気が合うということで、それから『櫻画報』を一緒にやったり、赤瀬川さんが美学校で講師を務めていたときには、私は「助教授」をやっていました。実際は助手をだったんですけど(笑)。その赤瀬川さんの講義を受講しにきた生徒の中に、南伸坊さんがいたんです。

※1:1965年、赤瀬川氏が芸術作品として制作した千円札が「通貨模造」の罪に問われた事件です。

※2:70年代に赤瀬川氏が雑誌を”乗っ取る“かたちで連載した作品。独自の批評を盛り込み、イラストレーターとしても活躍されています。

古代遺跡を掘ったときに使った手袋を、棒の先にさして並べて干してある。
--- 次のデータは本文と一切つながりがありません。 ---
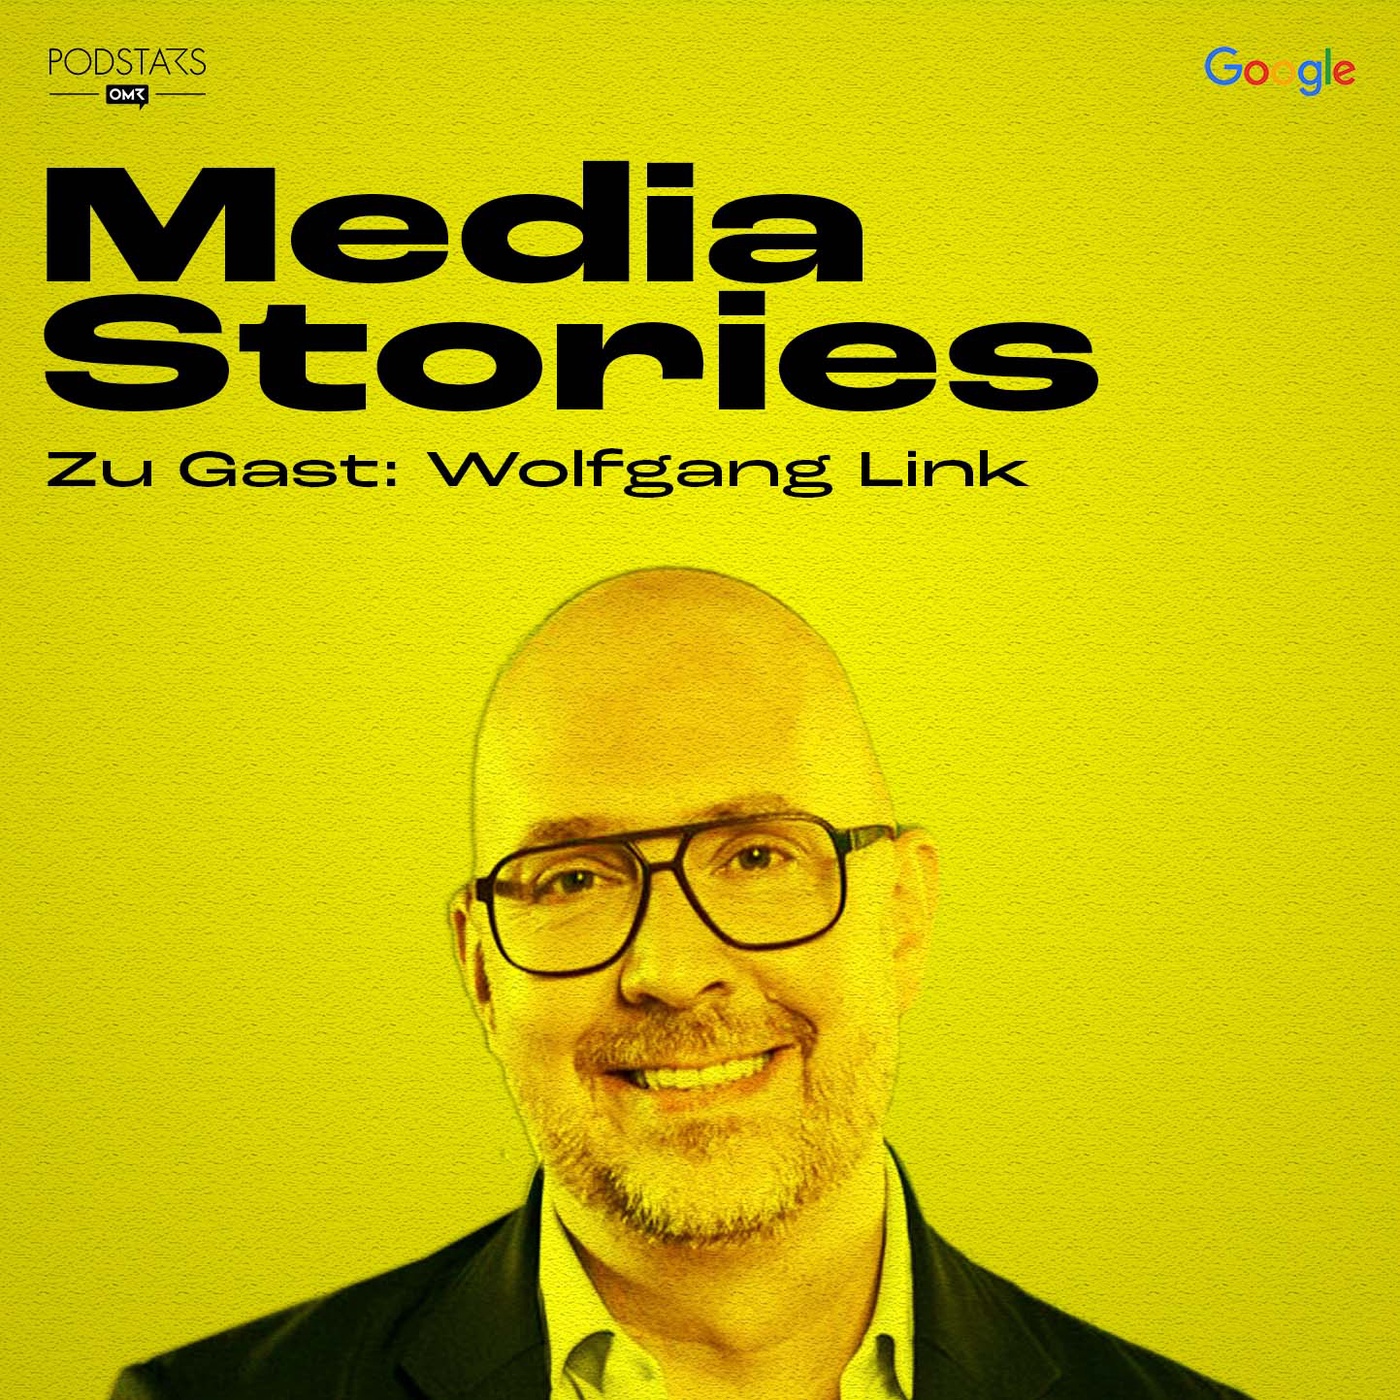 Wie Wolfgang Link bei ProSiebenSat.1 mit Entertainment die Welt bewegen will

地面からニュッと古代人の手が伸びてきているようにも見える。(多賀城址)
港町では船の塗装でペンキを使う機会が多い。その影響からか、壁面にもペンキで美しい模様が描かれていた。(塩釜)
 
 
 
 その後、赤瀬川氏と松田氏、南氏の三人は共同で、イラストに執筆にと幅広い創作活動をはじめるようになりました。そして三人は偶然に、路上観察のきっかけとなる不思議な階段を見つけます。

 三人で四谷の旅館に合宿しながら仕事をしていたときのことなのですが、その旅館の側壁に、ただ登って降りるだけの妙な階段がついていたんです。登ったからどこかへ出るということではなく、ただ階段が壁にくっついているだけなんです。「これは何だろう?」と三人とも不思議に思いました。実はこれがトマソンの第一号物件で、私達は「四谷階段」と呼んでいます(笑)。
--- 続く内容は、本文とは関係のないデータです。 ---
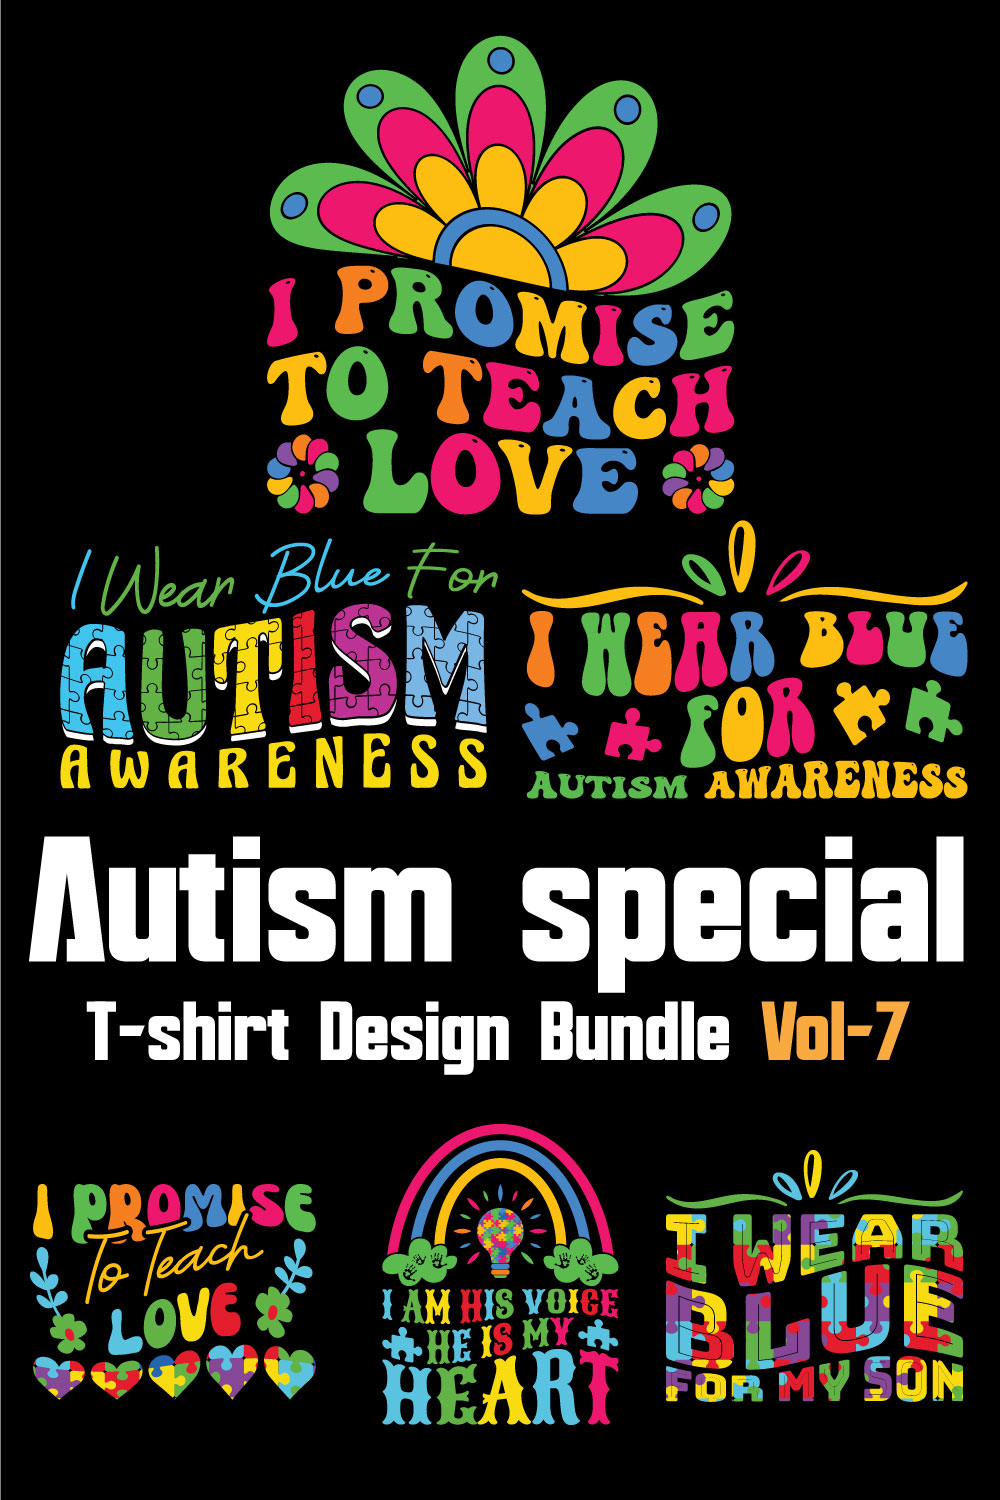 Autism Special T-shirt Design Bundle Vol-7 pinterest preview image.

この階段との出会いが、後の路上観察へとつながってゆく最初の一歩になったのですが、赤瀬川さんは以前から冗談まじりで、町にあるものの方が芸術より面白いんじゃなかろうかと言ってました。意図して作られたものではない、成り行きで出来上がってしまったものが、見方を変えてみると前衛芸術を超えるようにも見えてくる(笑)。そこで町中の、無用の長物と化している不思議な建造物を『超芸術』と呼ぶようになったのです。

※昔、野球の読売巨人軍にトマソンという、ほとんど活躍しなかった現役大リーガーの外人選手がいました。トマソンとはここからとった名前で、町の中の無用の長物のことを意味し、後に赤瀬川氏が「超芸術トマソン」として発表され、知られるようになりました。